Iran’s most sensible diplomat has promised to help Lebanon as the country recovers from its recent explosion and opposes a recent agreement between Israel and the United Arab Emirates, a stopover to commemorate the end of a war between Israel and Lebanon.
Zarif described the agreement, negotiated Thursday with the help of the United States, “as painful and as a stab in the back in Lebanon and countries of the region,” according to a reading of his assembly with his Lebanese counterpart Charbel Wehbe posted Friday through Iran’s Ministry of Foreign Affairs.
“In Beirut today to express the solidarity of other Iranians with all Lebanese and to be offering our willingness to Array Now is the time to and facilitate, not impose and dictate,” Zarif tweeted later. “In the region we are all in the same boat: Lebanon’s security is our security.”
The visit, during which Zarif also met with Lebanese President Michel Aoun, Prime Minister Hassan Diab and Parliament President Nabih Berri, also coincided with the anniversary of a United Nations-mediated ceasefire that ended a month-long war between Israel and Iran-backed Lebanon. . Shia Muslim Movement of Hezbollah. In another statement issued Friday, Iran’s Foreign Ministry said, “Resistance to the Zionist enemy will lead to some defeat, and this is a wonderful lesson for all governments and nations in the region.”
“The Islamic Republic of Iran has been today and will be with the other people and the Lebanese government,” he added.
Iran also sent a separate message to Hezbollah, congratulating him on his “proud victory” against Israel, which nevertheless withdrew his forces after a bloody confrontation that killed more than a hundred Israelis and more than a thousand Lebanese. Iran said the war would serve as a reminder that “Lebanon’s security, independence and sovereignty will not be a toy in the hands of enemies” and that it will “overcome the existing crisis with unity and empathy.”
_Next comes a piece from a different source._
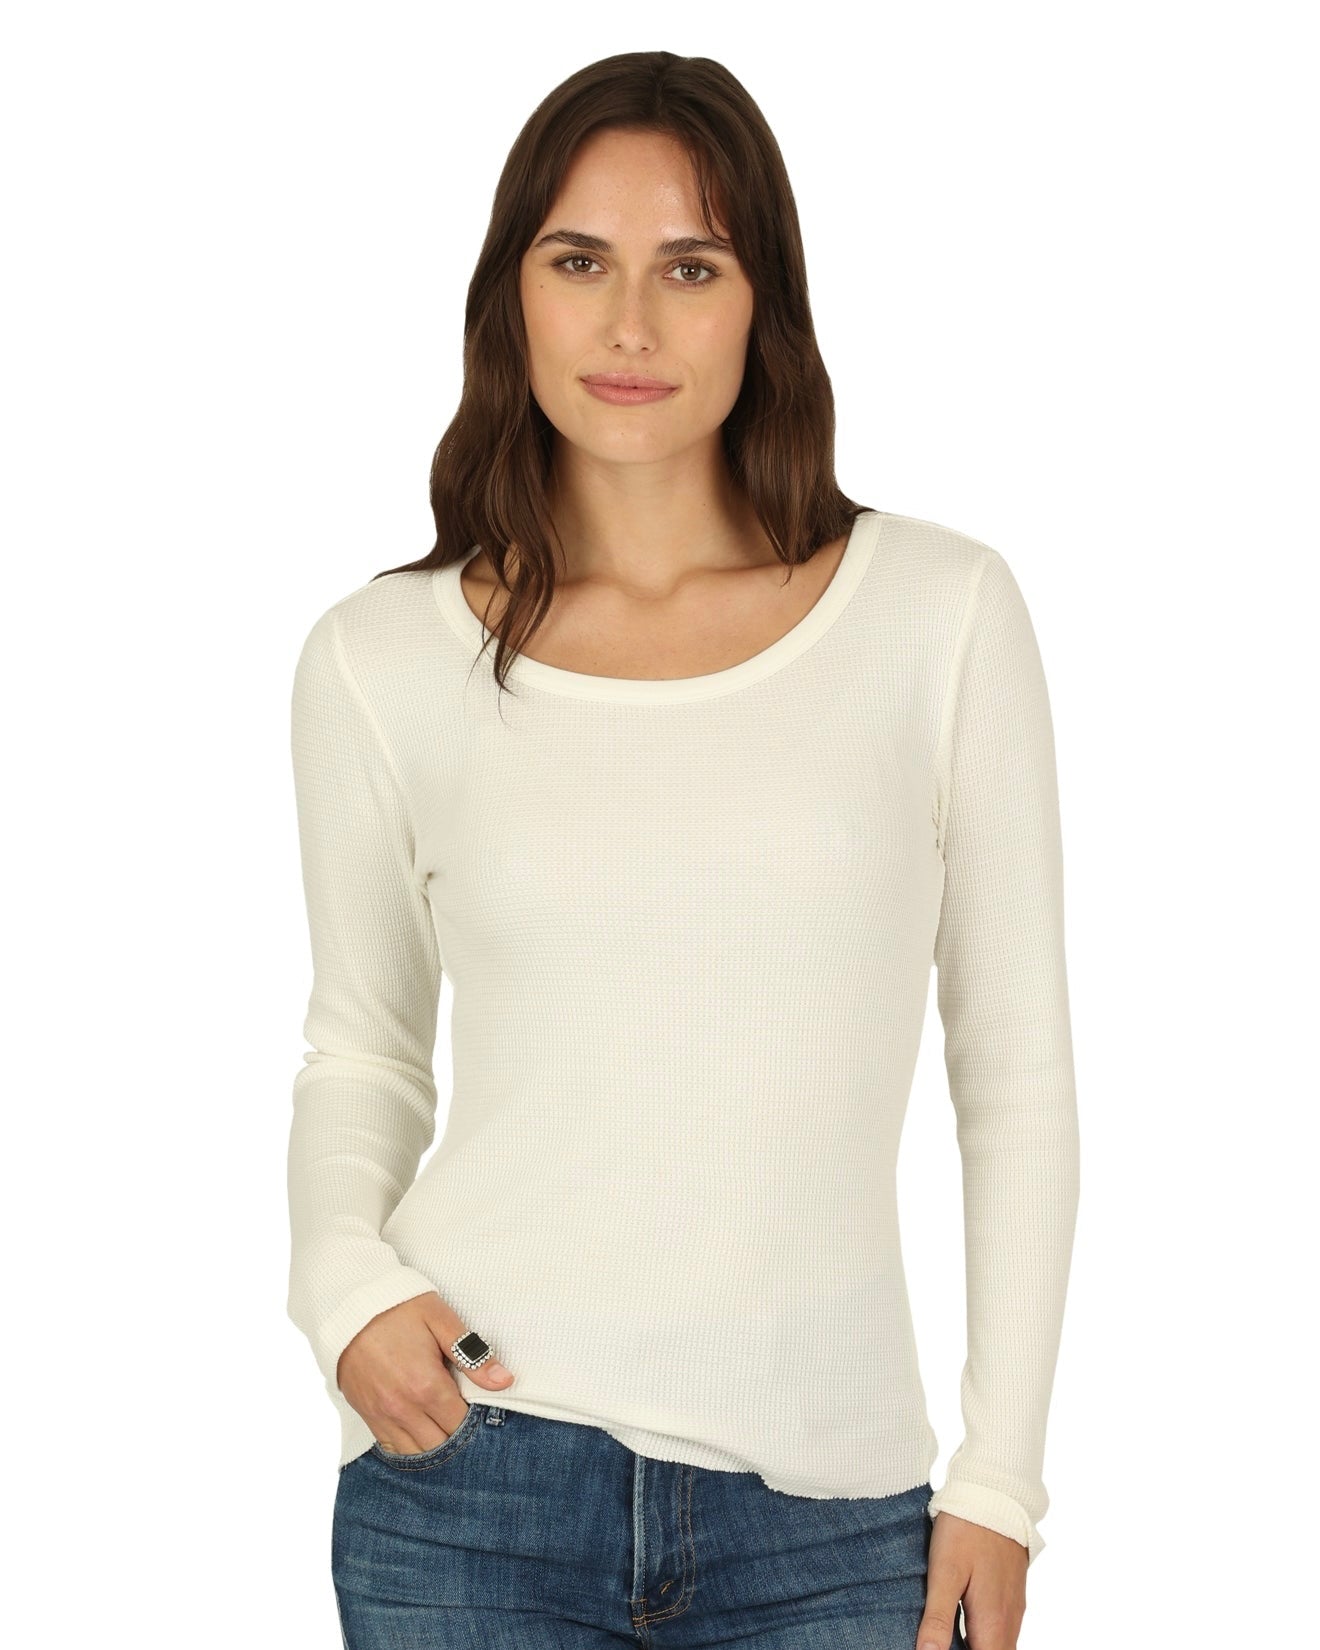 Model wearing Dylan Waffle Ballet long sleeve white crew wearing jeans on a white background

News sites affiliated with Hezbollah have already expressed contempt for the agreement between the United Arab Emirates and Israel, but Hezbollah’s secretary general, Hassan Nasrallah, hoped to give an official reaction in a speech later that day, a spokesman for the organization told Newsweek.
The agreement to make the United Arab Emirates the third Arab country to make peace with Israel, after Jordan in 1994 and Egypt in 1979. Abu Dhabi’s crown prince, Sheikh Mohammed bin Zayed Al Nahyan, said the agreement “reached to wipe out the Israelis annexation. Palestinian Territories “by Israel.
The two men sought to isolate Iran in the foreign community, with the United States achieving a “maximum pressure” crusade of sanctions against the Islamic Republic and Israel by intensifying a crusade of movements opposed to suspicious sites connected to Iran in Syria. The two countries also sought to drive Lebanon and its best friend Hezbollah away, and as Zarif crossed Beirut, a senior U.S. official also met with Lebanese leaders in the capital.
U.S. Undersecretary of State for Political Affairs David Hale met Friday with Aoun, Berri and former Prime Minister Saad al-Hariri. Hale filed the FBI’s request to help investigate the reasons for the Beirut port explosion that forced the Lebanese closet to resign, and also discussed efforts to resolve a long-standing dispute related to the lebanon-Israel maritime border on the wealthy resource. -East of the Mediterranean.
The Lebanese armed forces reported Friday that Israeli gunboats “launched bursts of fire from the occupied waters into Lebanese territorial waters” a day earlier, and that Israeli spy planes had violated Lebanese airspace by flying over the southern towns of Aitaroun and Yaroun on Thursday. Okay.